Wardha About this sound pronunciation  (Marathi: वर्धा) is a city and a municipal council in Wardha district in the Indian state of Maharashtra. It is the administrative headquarters of Wardha district. Wardha gets its name from the Wardha River which flows at the North, West and South boundaries of district. Founded in 1866, the town is now an important centre for the cotton trade. It was an important part of Gandhian Era.

Geography and Climate[edit]

Wardha is located at 20°45′N 78°36′E / 20.75°N 78.60°E / 20.75; 78.60.[2] It has an average elevation of 234 metres (767 feet).

Climate data for Wardha (1971–2000)
Month Jan Feb Mar Apr May Jun Jul Aug Sep Oct Nov Dec Year
Record high °C (°F) 35.0
Average high °C (°F) 28.7
Average low °C (°F) 13.9
Record low °C (°F) 6.7
Average rainfall mm (inches) 16.7
Average rainy days 0.9 1.0 0.9 0.8 1.3 8.9 13.6 12.0 9.7 3.7 0.7 1.1 54.6
Source: India Meteorological Department [3][4]

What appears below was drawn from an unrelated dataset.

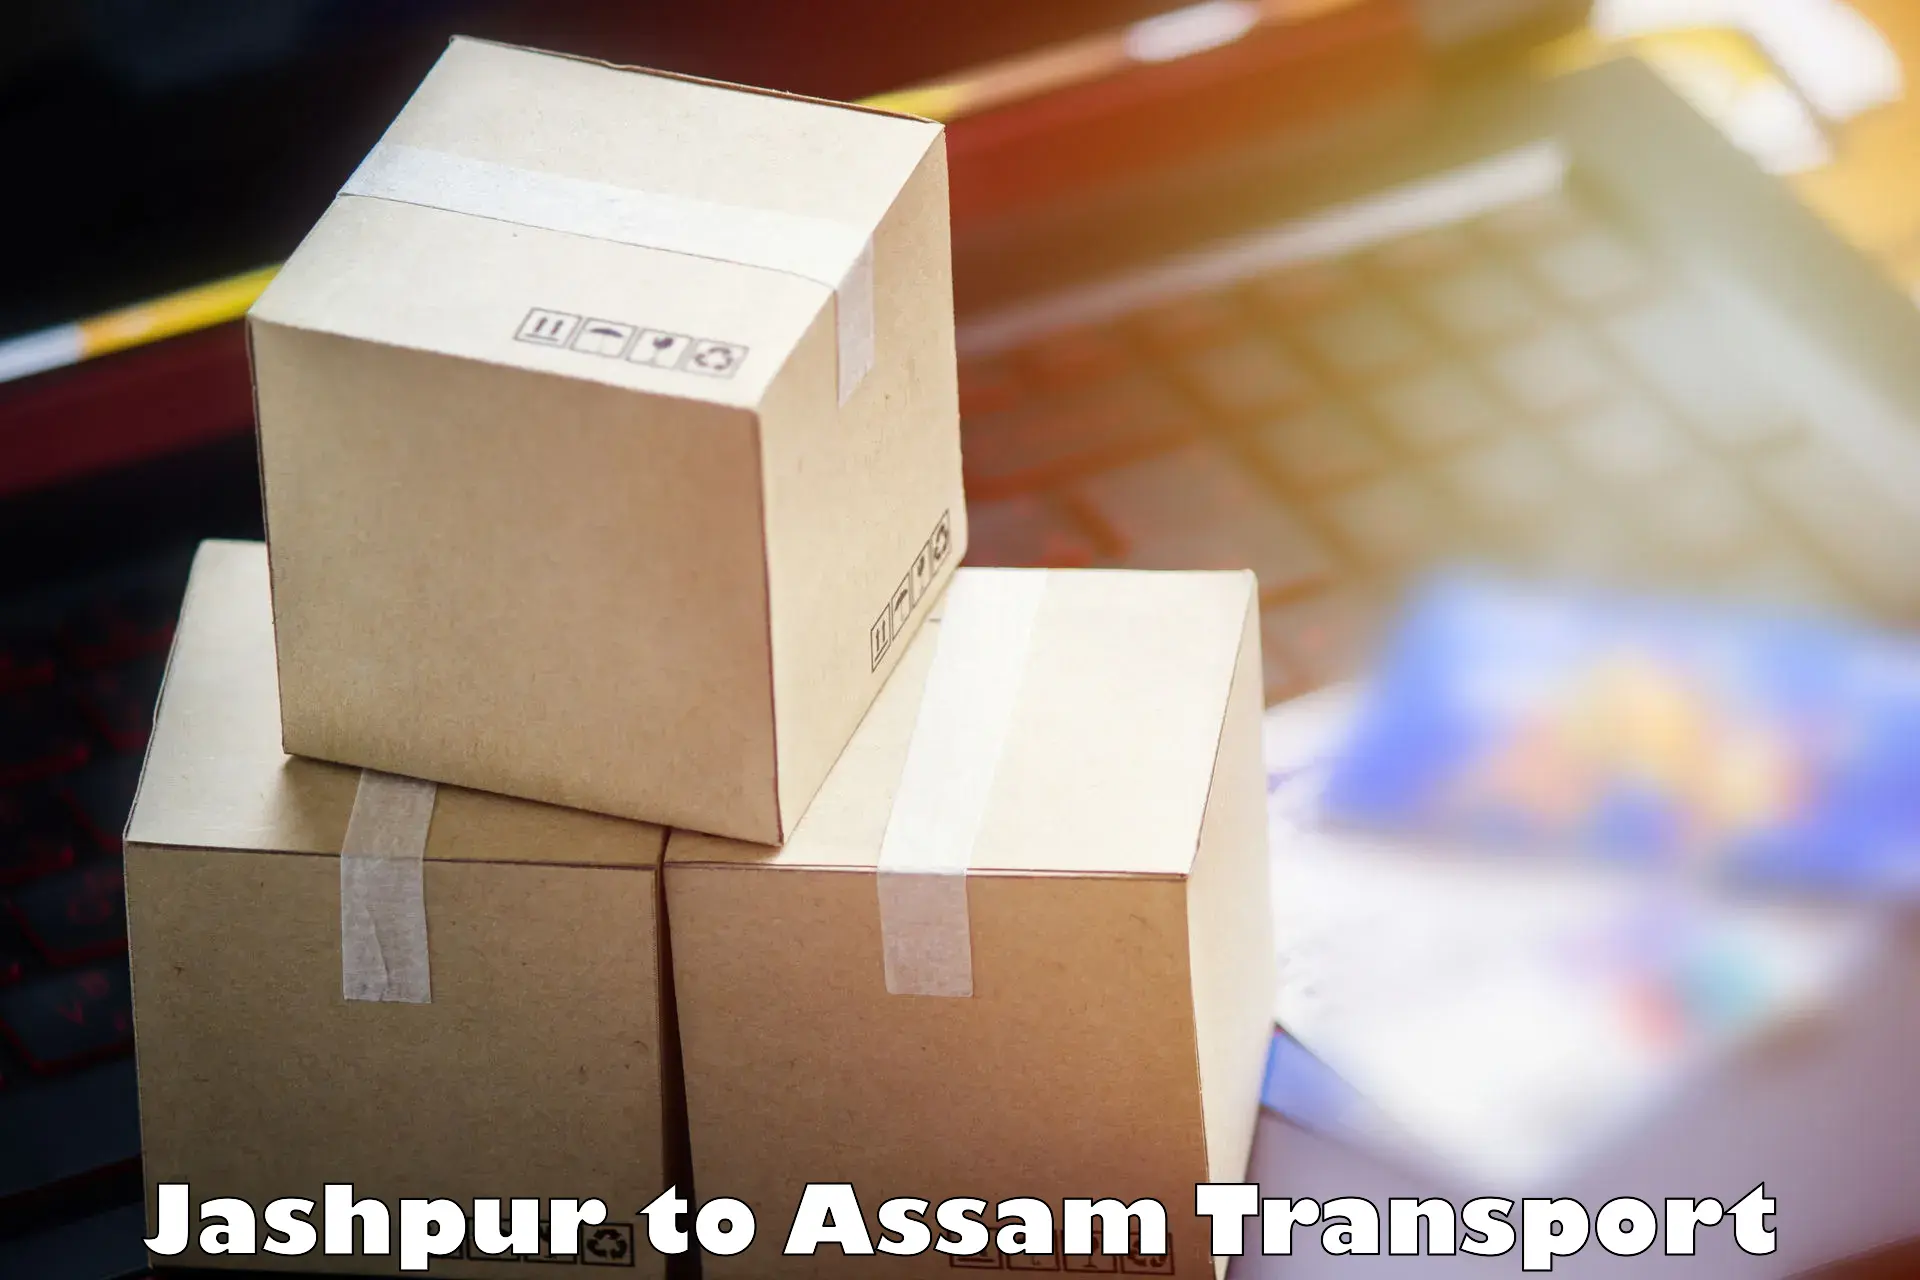 Two wheeler parcel service Jashpur to Assam

Wardha city is administered by a municipal council(category-A). According to census 2011, its population is nearly 105,543.[5] But this figure is number of inhabitants within municipal boundaries. Urbanization has crossed municipal boundaries and neighboring villages viz. sindi(meghe), sawangi(meghe), borgaon(meghe), pipri(meghe),mhasala, nalwadi and chitoda have become part of urban agglomeration having population nearing 2 lacs.

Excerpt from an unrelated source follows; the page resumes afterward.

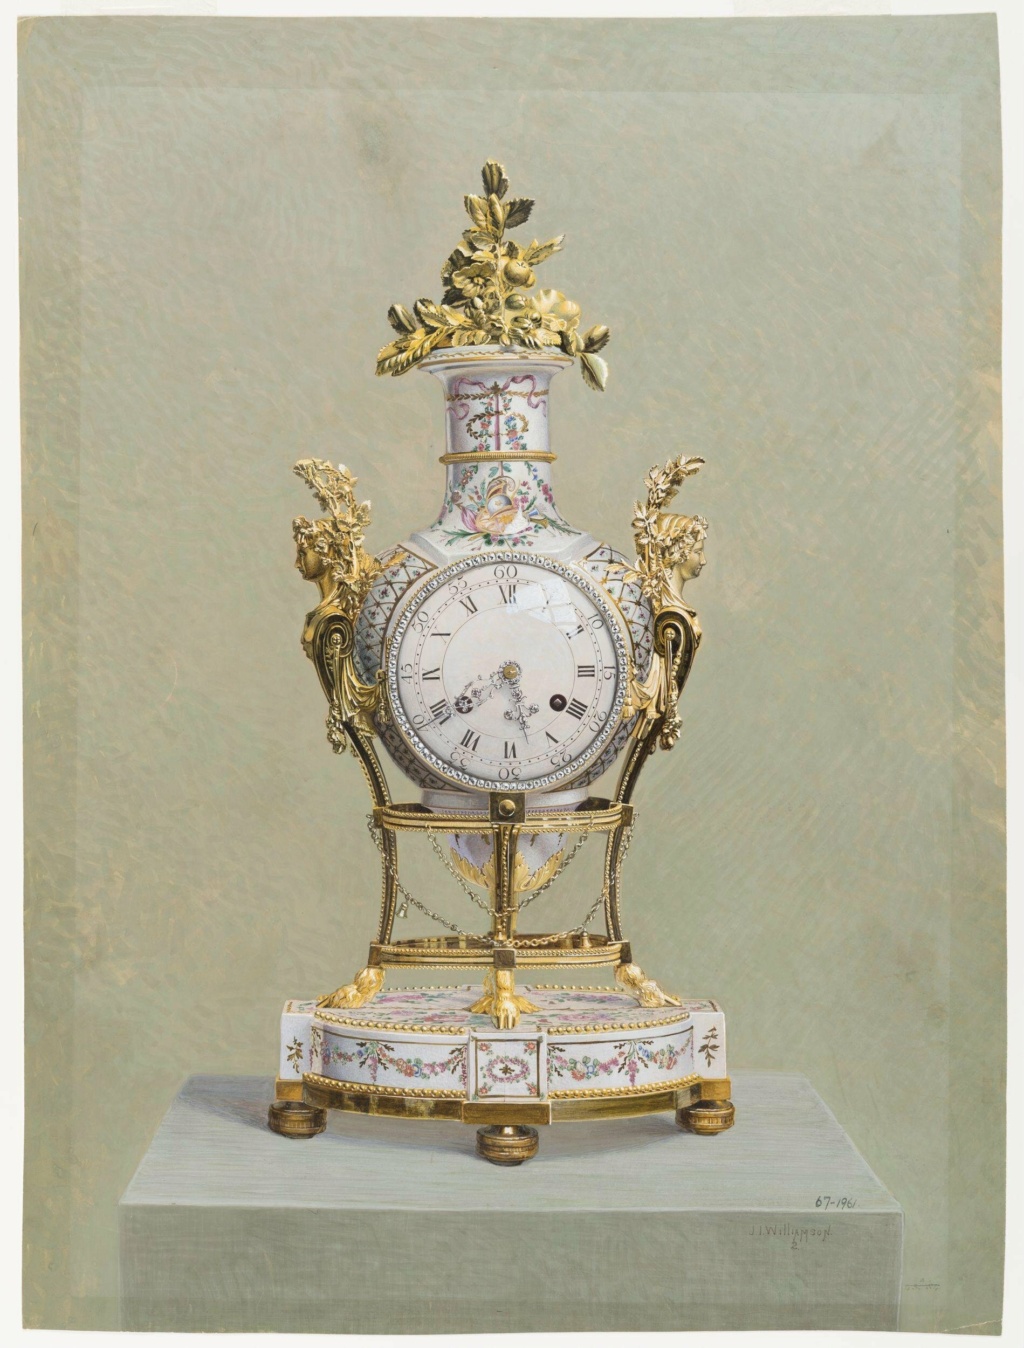 Pendules et horloges de Marie-Antoinette - Page 4 2016jg10

As of 2011 India census,[6] Wardha district had a population of 1,296,157[7] Males constitute 52% of the population and females 48%. Wardha has an average literacy rate of 80%, higher than the national average of 59.5%: male literacy is 83%, and female literacy is 76%. In Wardha, 11% of the population is under 6 years of age. Wardha is the largest city in wardha district.


It was included in the empire of the Mauryas, Shungas, Satavahanas and Vakatakas. Pravarapura, modern Pavnar, was once the capital of the Vakataka dynasty. Vakatakas were contemporary of Imperial Guptas. Prabhavatigupta, the daughter of Chandragupta II (Vikramaditya), was married with Vakataka ruler Rudrasena. The period of Vakatakas was 2nd to 5th century CE. The empire stretched from the Arabian sea in the west to the Bay of Bengal in the east, and from the Narmada river in the north to the Krishna-Godavari delta in south.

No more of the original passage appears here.